Panu Routila (until March 2016)

28,500

97,000

Lori J. Cross (until March 2016)

24,000

66,000

Esa Ikäheimonen (until March 2015)

0

23,250

Daniel Meyer (until March 2015)

0

15,000

Thomas Ahlström

6,000

7,500

Risto Murto

6,000

7,500

Robin Ahlström (January  2015)

0

7,000

The Board members do not receive shares or share-related rights as remuneration for their membership and they do not participate in the Company’s incentive or pension plans.

Travel expenses are reimbursed in accordance with Ahlstrom’s travel policy.

Remuneration of the President & CEO and the other members of the Executive Management Team

 

The remuneration of the President & CEO (“CEO”) and the other members of the Executive Management Team (“EMT”) consists of base salary, customary fringe benefits (such as car, phone and, with regard to some members of the EMT, housing and/or healthcare benefits), bonuses and long term incentives as well as voluntary pension insurances as described in more detail below. 

Decision-making procedures

Based on the recommendations of the Human Resources Committee, the Board decides on:

  • the compensation and benefits of the CEO including his individual performance target setting, and
  • the Group Long Term Incentive Plans for the EMT and other management and key employees as well as the financial performance objectives and the payout under such plans.
  • the compensation and benefits of the members of the EMT
  • the Group Bonus Plan for the EMT and other management and key employees as well as the financial performance objectives and the payout under such plans.

 

Incentive Plans

Both the Group Bonus Plan and Long Term Incentive Plans have been documented in writing.

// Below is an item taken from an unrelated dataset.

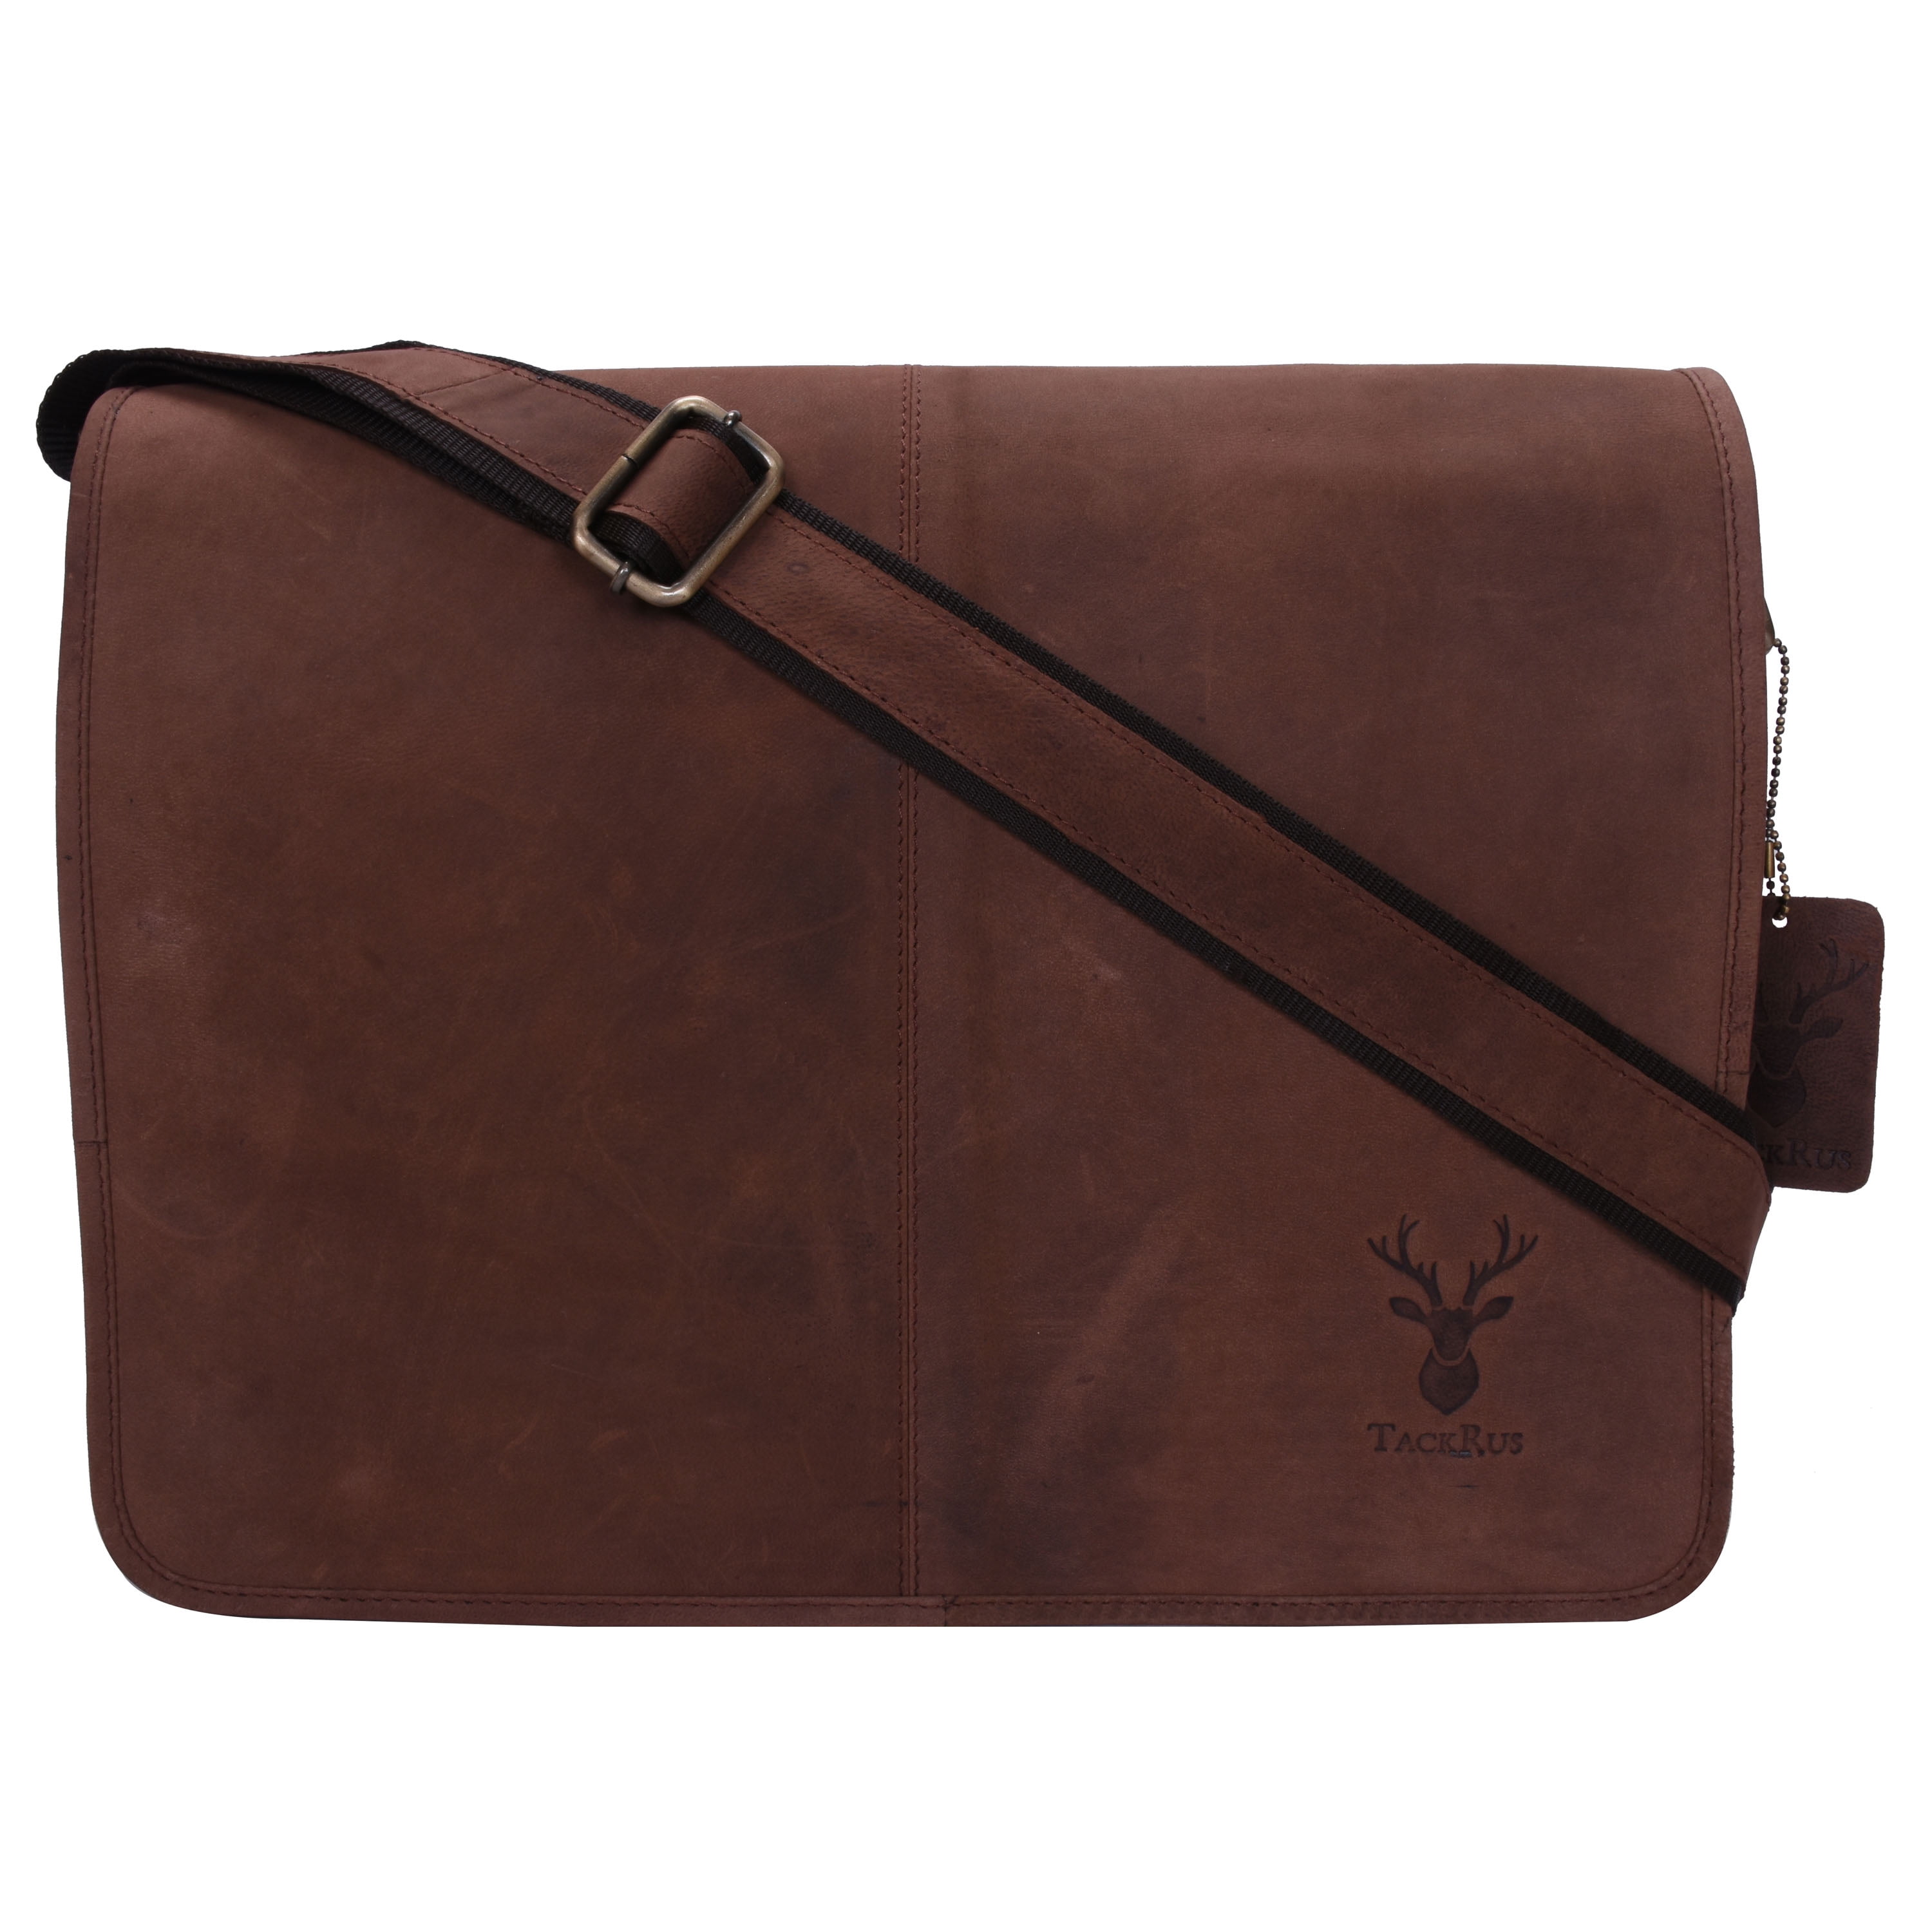 Laptop Messenger Shoulder Bag L 18516 Office Work Organiser Bag TEXAS - Oil Tan Hunter Leather VISCONTI Multiple Pockets 15 Inch Laptop Bag

The target setting under the plans shall be made so that the achievement of such targets will strengthen the competitiveness of the Company, contribute to its long-term success and increase shareholder value. The maximum payouts are defined in each plan.  

Bonus Plan

Annual bonuses are payable based on the attainment of key performance targets of the Group, business area or unit as well as individual/team performance targets. For 2016, the key performance targets of the CEO and other members of the EMT were based on the Group’s operating profit, key customer focus, asset turnover and accident frequency rate.

Individual/team performance targets are mutually agreed upon between the participant and his/her manager in the annual Goal and Development Plan. Individual/team targets must be defined precisely to measure the value-added outputs of the job(s). The bonus payout shall be approved by applying the so called one above principle, i.e. shall be approved by at least one organizational level above the respective participant’s manager. The progress in the achievement of the performance targets is evaluated in bi-annual reviews between each participant and his/her manager.

The annual bonus payable to the CEO for achieving his targets could as a maximum amount to the equivalent of 100% of his annual salary and for each other member of the EMT, 50% of his/her annual salary.

Long Term Incentive Plan 2011 – 2015

A share-based Long Term Incentive Plan 2011 – 2015, which consists of three earning periods, offers for the EMT and other key personnel (maximum 50 persons in total per earning period) a possibility to receive Ahlstrom shares and cash (equalling the amount of taxes of the total reward) as a reward, if ROCE and EPS targets set by the Board for each earning period are achieved. If the targets of the plan are attained in full for all three earning periods, the reward to be paid on the basis of the plan will in its entirety correspond to a gross value of approximately 1,000,000 shares.

The restriction period for each earning period is one year after the earning period in question. The Board recommends that the CEO holds shares in the Company corresponding in value to his annual net salary and that the other EMT members hold shares in the Company corresponding in value to half of their annual net salary.

Neither the CEO, nor other member of the EMT nor any other key personnel earned any shares or money from the earning period 2011-2012 as the set ROCE or EBIT targets were not achieved.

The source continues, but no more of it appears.